Segment Start: The data

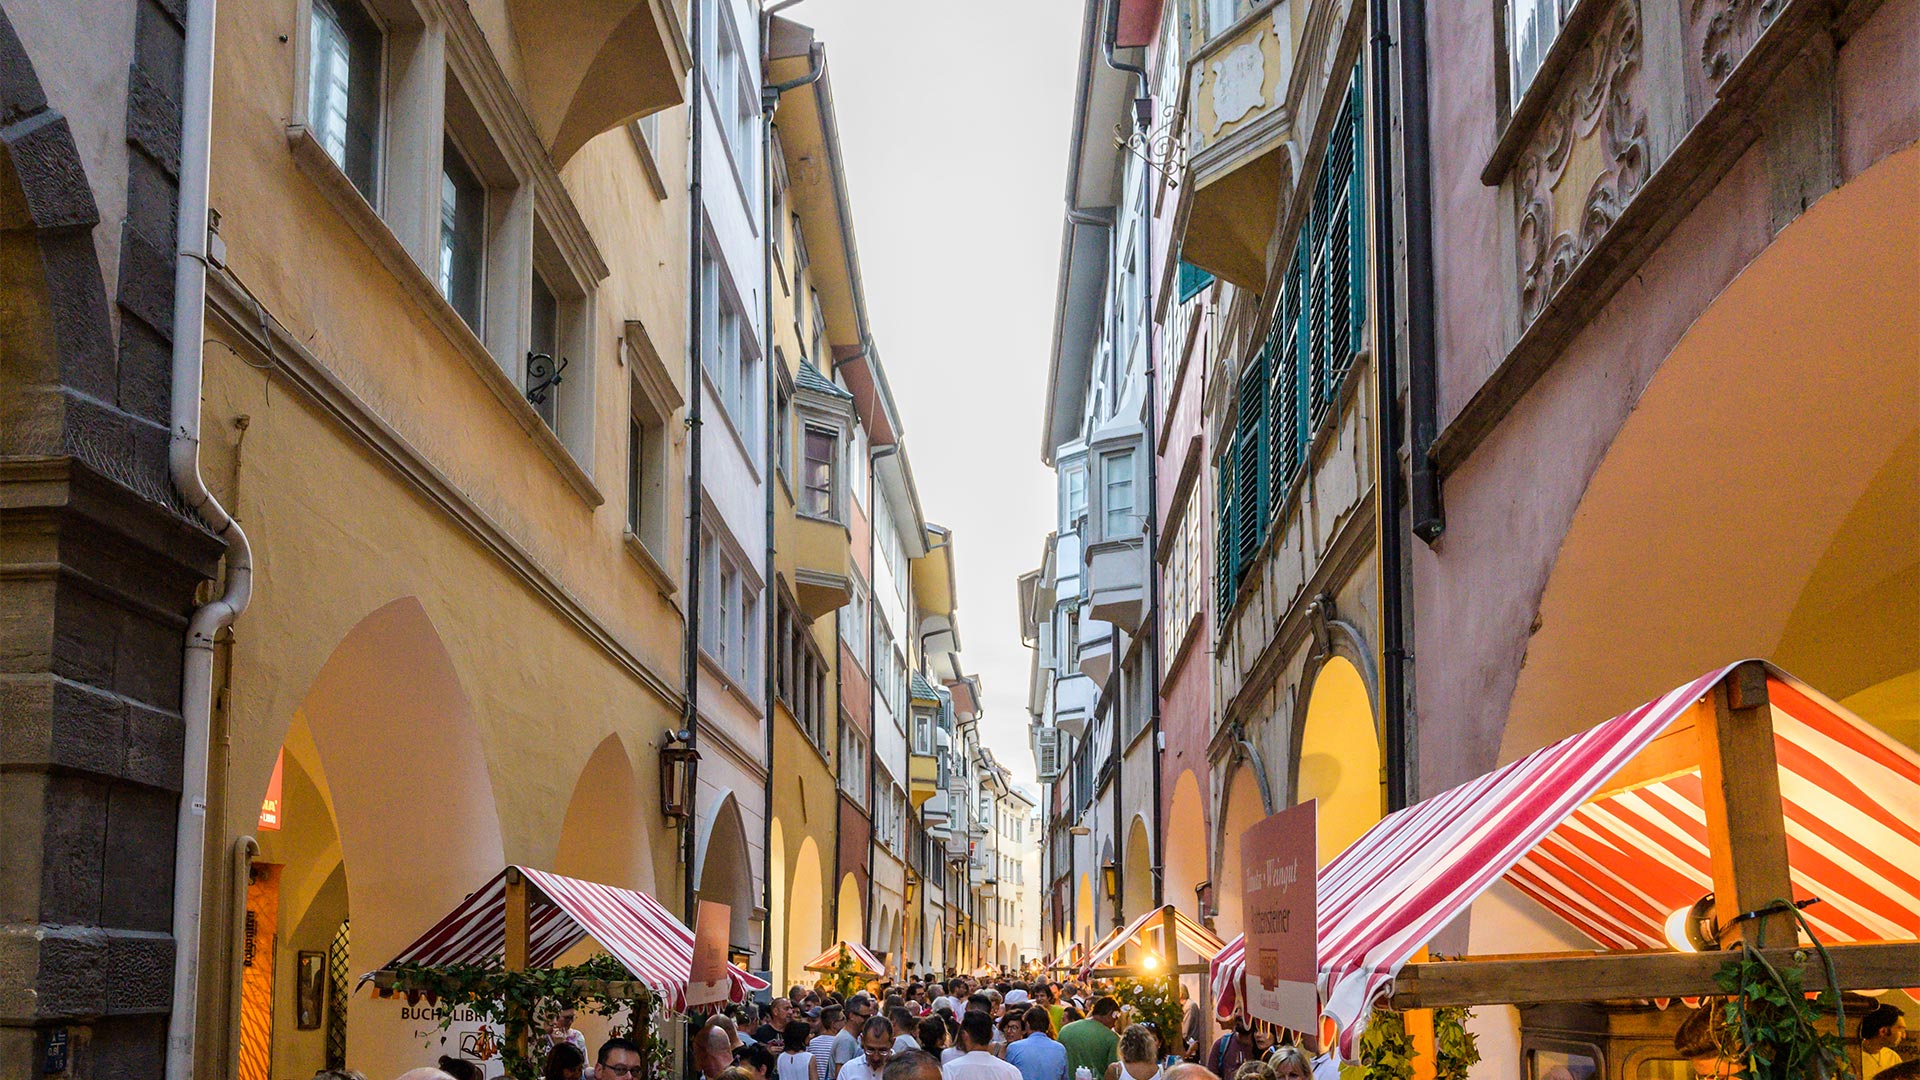 Via stretta tra i portici del centro storico a Bolzano, affollato da turisti e cittadini in mezzo ad un evento.
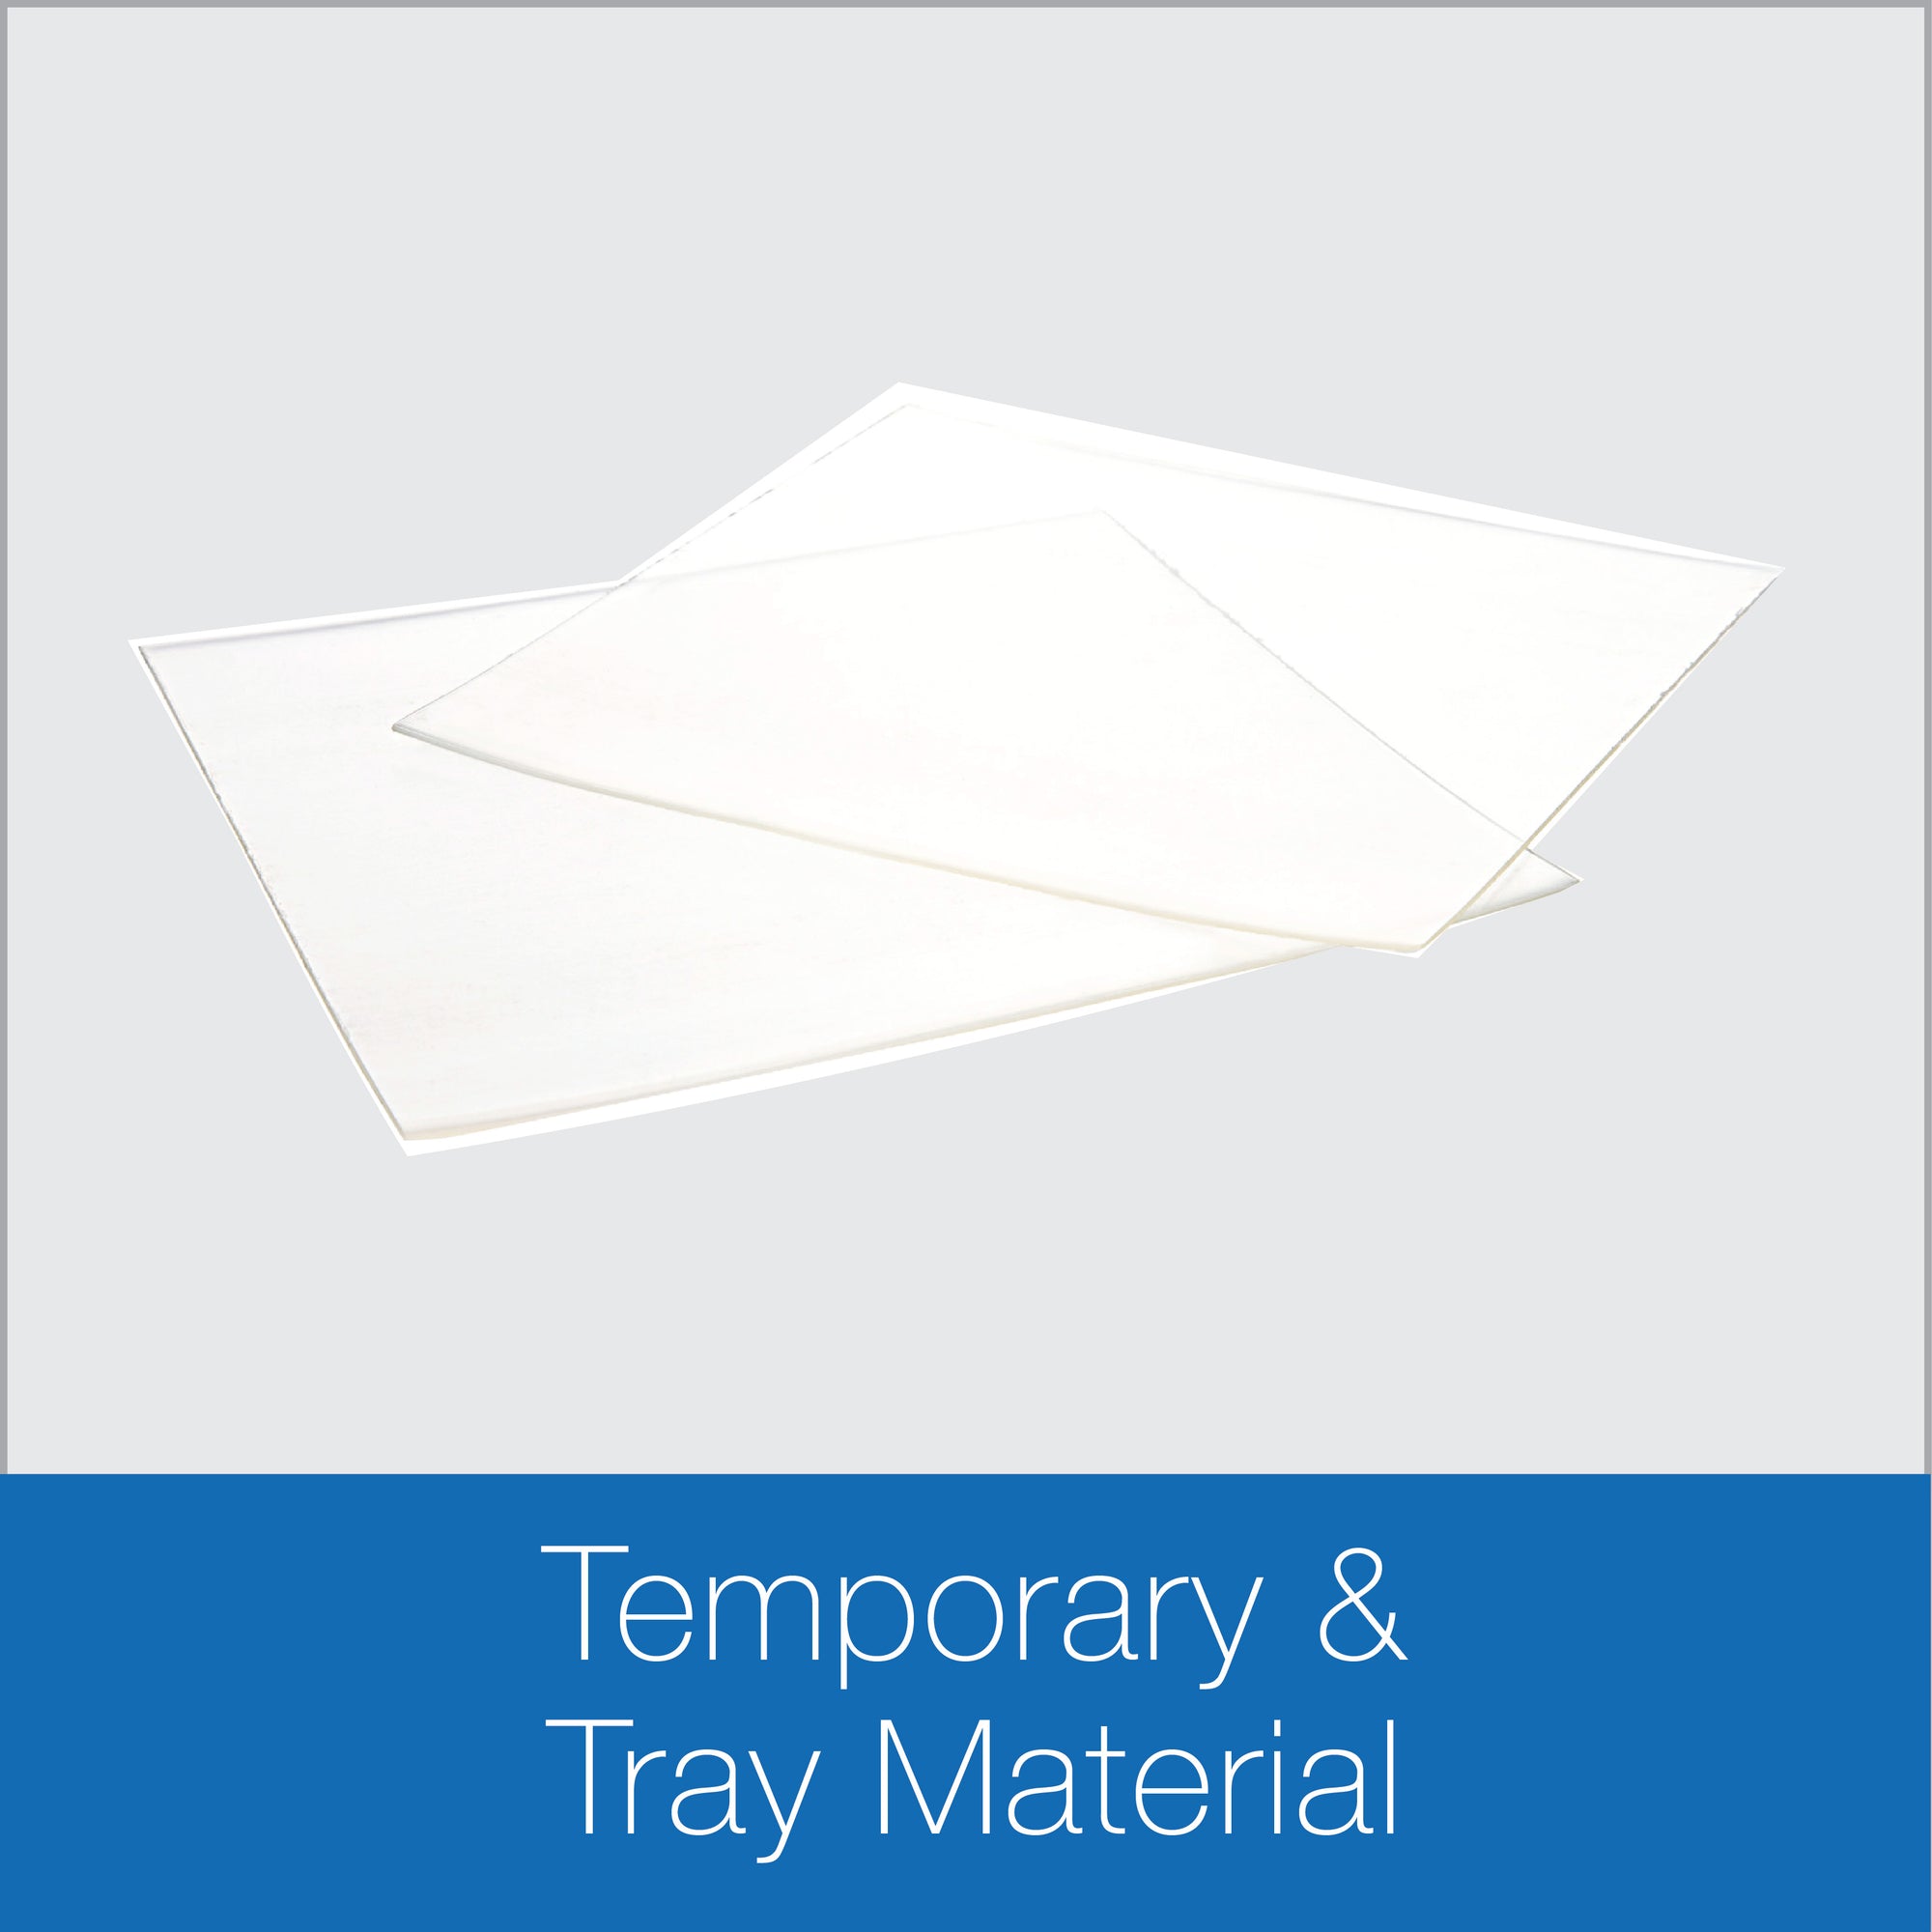 Temporary & Tray Material
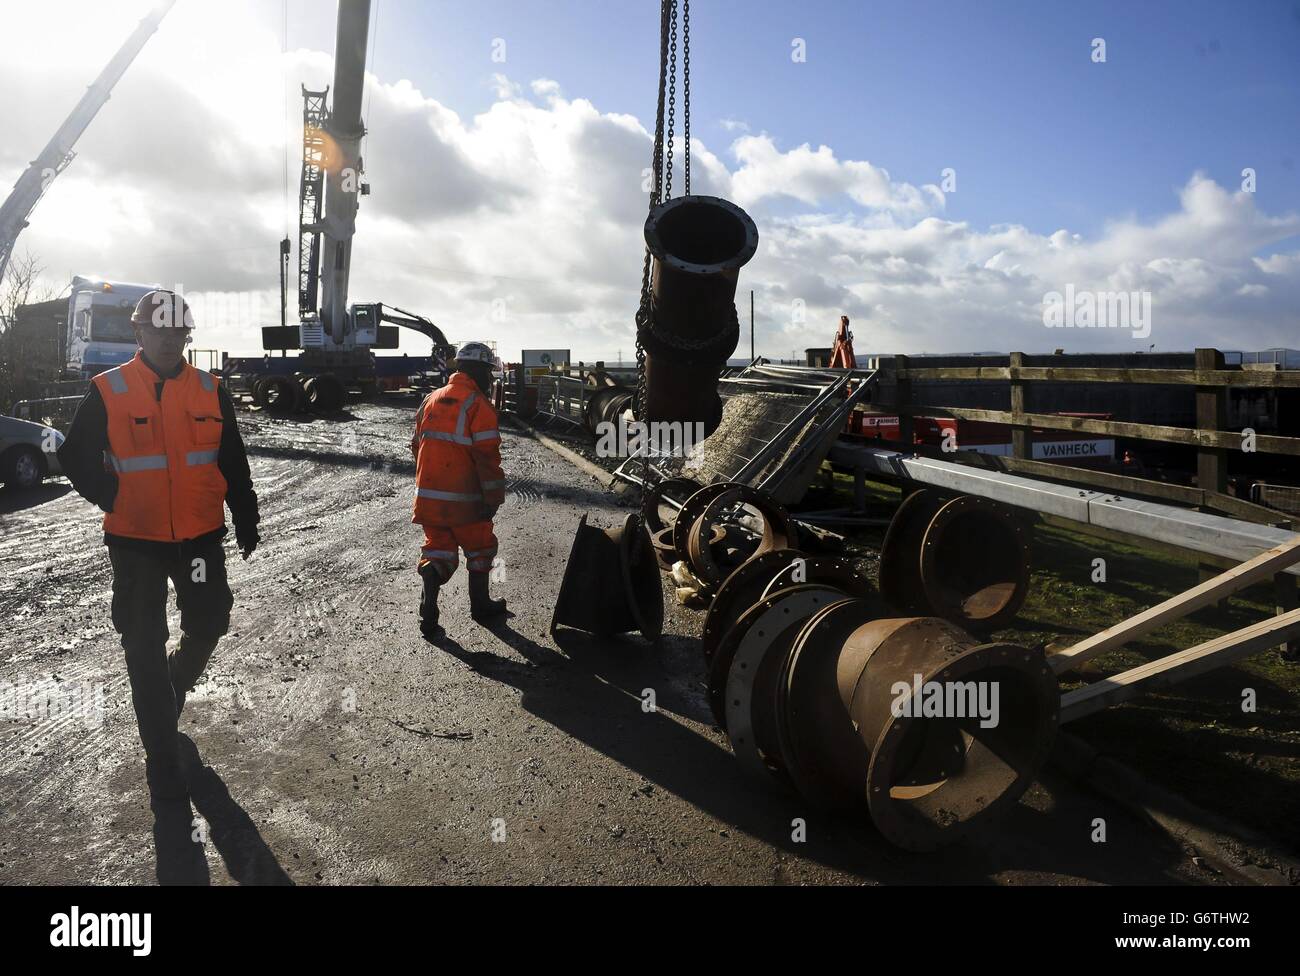 Los trabajadores mueven enormes tuberías de agua mientras se establece una enorme estación de bombeo holandesa importada en Dunball, cerca de Bridgwater, Somerset, en la base del drenaje Sedgemoor del rey, que es un canal de drenaje artificial que corre desde los niveles de Somerset. Foto de stock

Segment End: The data

> Task to complete:
Please print the entire listing again exactly, minus its images.

> Solution:
 Via stretta tra i portici del centro storico a Bolzano, affollato da turisti e cittadini in mezzo ad un evento.
 Temporary & Tray Material
 Los trabajadores mueven enormes tuberías de agua mientras se establece una enorme estación de bombeo holandesa importada en Dunball, cerca de Bridgwater, Somerset, en la base del drenaje Sedgemoor del rey, que es un canal de drenaje artificial que corre desde los niveles de Somerset. Foto de stock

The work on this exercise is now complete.